The goal of this design is bit-perfect 24/192 audio via asynchronous USB, generated through a delta-sigma DAC, and output through a low-distortion headphone amp chip. My current chip chain is the following:
USB3318 PHY <-> XMOS XS1-L1 (-> SRC4192) -> WM8740 -> TPA6120
My question is this: with the XMOS handling asynchronous packet transfer, does the added jitter attenuation of the ASRC still outweigh its sonic alterations? In other words, is the ASRC even necessary anymore? The purist in me says I should kick it to the curb before this design goes any further, but I'll admit a lower experience level than many in this forum.
Thoughts?
Thanks,
~ Brad.
I'm currently fleshing out a design for a USB headphone DAC. I've recently been hacking around with the XMOS USB Audio 2.0 reference board, which interfaces quite nicely (natively) with the linux kernel and ALSA drivers.
The goal of this design is bit-perfect 24/192 audio via asynchronous USB, generated through a delta-sigma DAC, and output through a low-distortion headphone amp chip. My current chip chain is the following:
USB3318 PHY <-> XMOS XS1-L1 (-> SRC4192) -> WM8740 -> TPA6120
My question is this: with the XMOS handling asynchronous packet transfer, does the added jitter attenuation of the ASRC still outweigh its sonic alterations? In other words, is the ASRC even necessary anymore? The purist in me says I should kick it to the curb before this design goes any further, but I'll admit a lower experience level than many in this forum.
Thoughts?
Thanks,
~ Brad.
Hi SoNic.
Correct me if i'm wrong, but given the fact that asynchronous usb allows the DAC itself to generate the master clock signal, doesn't the usefulness of an ASRC in this application reduce down to its ability to perform upsampling?
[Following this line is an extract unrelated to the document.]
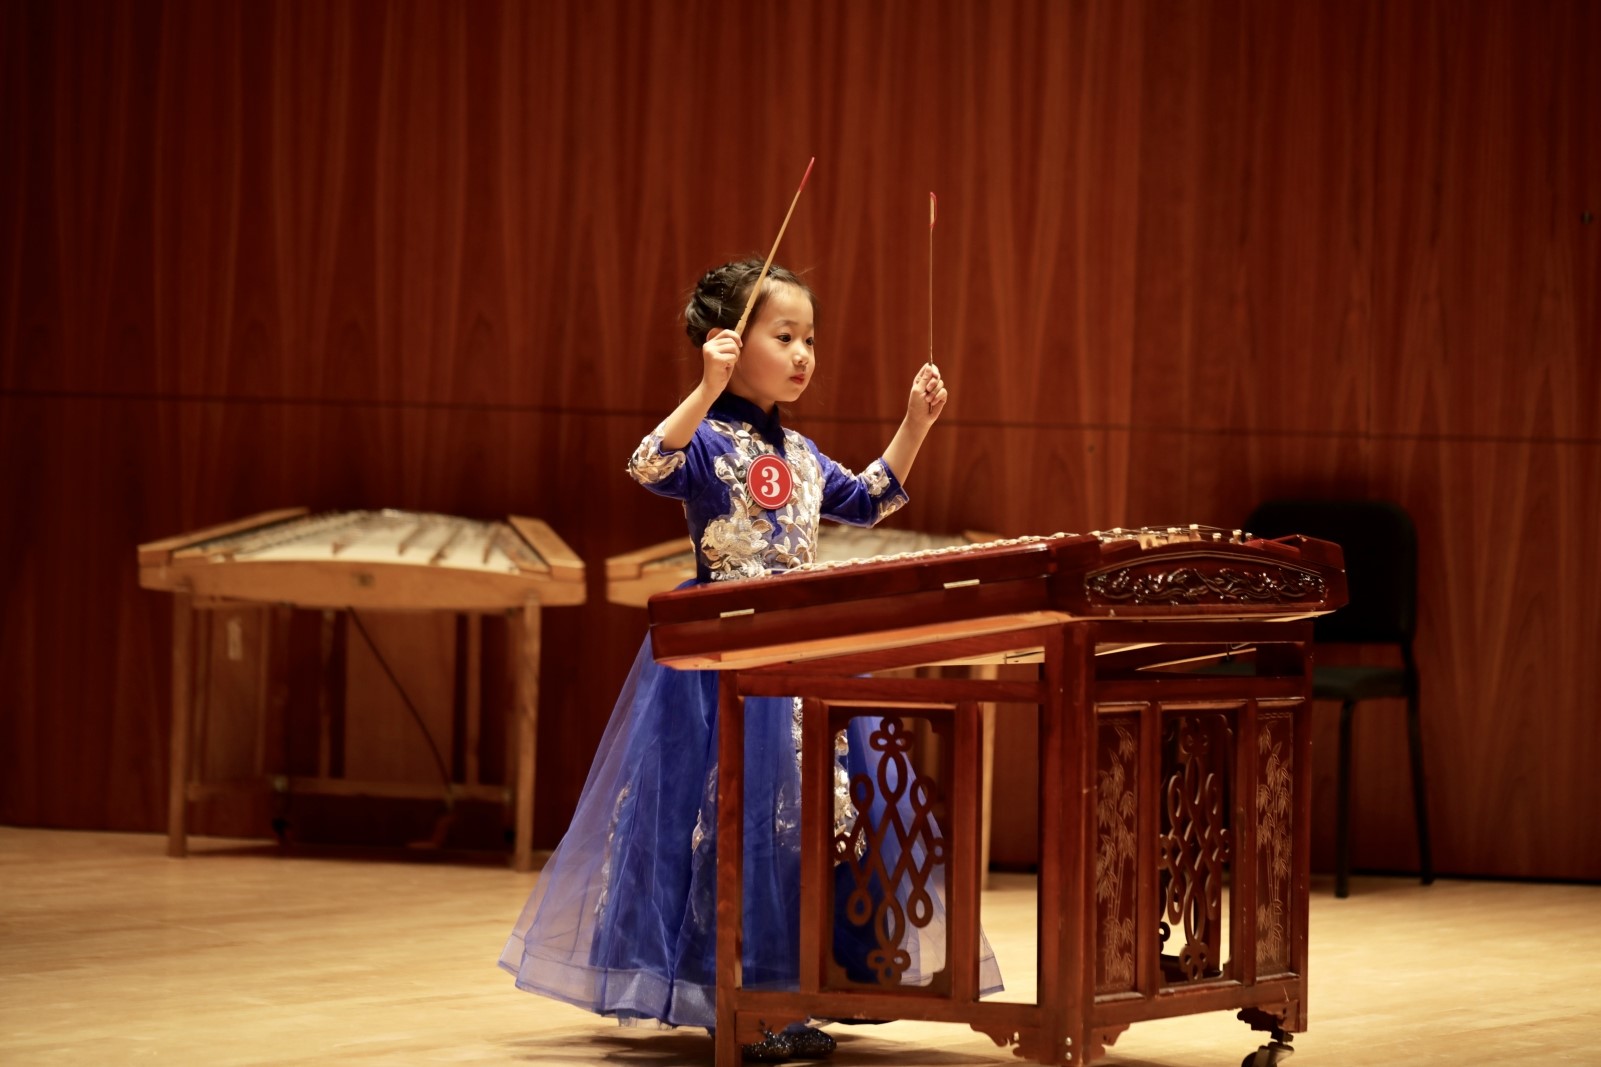 中国扬琴声扬百年伊斯曼 音乐搭建国际合作桥梁

Either that or actually adding muxes to switch the ASRC in and out of the data path and controlling them from the XMOS. The USB Audio Class 2.0 exposes a Sampling Rate Converter Unit (RU) to the host; does anyone with more experience with this spec want to say whether or not the RU can be switched in and out of the chain in this manner? I'm still trying to decipher the spec...
Thanks,
~ Brad.
Correct me if i'm wrong, but given the fact that asynchronous usb allows the DAC itself to generate the master clock signal, doesn't the usefulness of an ASRC in this application reduce down to its ability to perform upsampling?
Either that or actually adding muxes to switch the ASRC in and out of the data path and controlling them from the XMOS. The USB Audio Class 2.0 exposes a Sampling Rate Converter Unit (RU) to the host; does anyone with more experience with this spec want to say whether or not the RU can be switched in and out of the chain in this manner? I'm still trying to decipher the spec...
Thanks,
~ Brad.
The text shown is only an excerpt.